What’s so great about Pokemon Go??

great about pkemon go

It seems that everyone can’t stop talking about Pokemon Go.  My daughter and I just returned from a two-day mother-daughter getaway to Montreal.   We checked in to our hotel and much to her surprise, I found out how awesome it was, that our hotel was actually a Pokestop,…AND… in addition, wifi was free, which meant that we were about to get LOTS of points every five minutes or so, on Pokemon Go.

Earlier in the month, my niece called me from her work.  She said, “my co-worker is in her mid forties and she can’t stop talking about this stupid game.  I mean, what’s so great about Pokemon Go?

What a brilliant idea, inventing an app that actually gets this slumbering generation out of their rooms, and ‘walking’ for a change.  The marketing has been expertly targeted to make us parents think that it’s actually a good thing.  Of, course, our response is to ‘jump on the bandwagon”.  Walking is good after all?  We’ll get to hatch eggs, you know?

Whatever the motivation, one thing is certain, it seems in all the frenzy, we’ve forgotten that it’s not just the physical exercise that is important, but even more-so, to learn to make real human connections.  In his 2008 acclaimed book “Outliers” Malcolm Gladwell talks about a small town in eastern Pennsylvania “Roseto”, name after a Southern Italian town “Roseto Valfortore”, that has an inordinate amount of octogenarians, nonagenarians, and centenarians living lives well-lived.  Gladwell set out to write about and to study why that is.  In summary, more than the food they ate, or genes in their bloodline, the one thing that attributed most greatly to longevity was “family relationships”.  Three generations eating dinner at the same table, contributed more to a long human experience than any medicine or any genome available today.
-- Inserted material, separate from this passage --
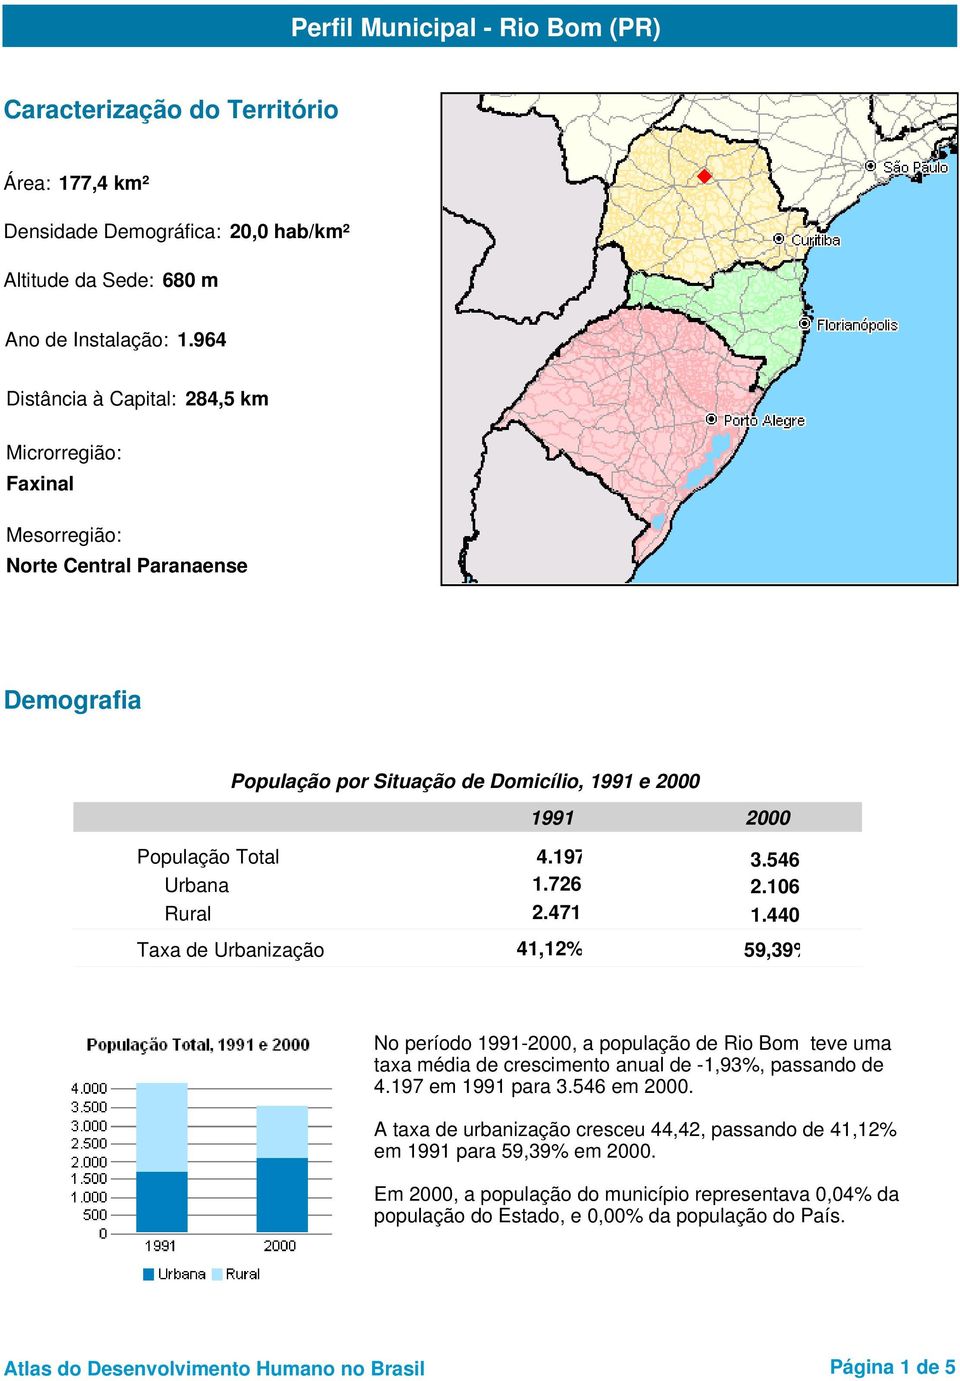 726 2.106 Rural 2.471 1.440 Taxa de Urbanização 41,12% 59,39% No período -, a população de Rio Bom teve uma taxa média de crescimento anual de -1,93%, passando de 4.197 em para 3.

What’s Great about Pokemon Go?

Some will argue that Pokemon Go does just that in helping us to re-establish the ability to connect with others and provide an ‘outdoorsy’ human experience.  But this is a debate for another day and for somebody else’s blog.   Nowadays we have fitbits to help remind us to move around ~ counting our steps and helping us to shed some of that sluggishness and entitlement that has built up over the last generation.


I mean seriously, an app?  Is that what it takes to develop the motivation to explore the outdoors?  Quite frankly I think its very sad.  Yesterday I saw three very overweight kids walking in the park with phones in hand and looking down as if they were on the end of a metal detector, and I thought….how sad is that?  Why does it have to get to that?  In fact, just this evening, I saw a mother in front of the public library playing the game for her five year old along with about 20 other kids and their parents.  This reminds me of the mothers a decade ago whose kids would leave their tamagachi pets with their moms while they trudged off to school.  I recall waiting with the other parents at the school door for dismissal, when I noticed one mother who had three tamagachies on chains around her neck, and the poor woman was stuck feeding and changing them all day so they wouldn’t die while her kids were in class.  As with any fad, this too will pass and the parks and pokestops will be empty again….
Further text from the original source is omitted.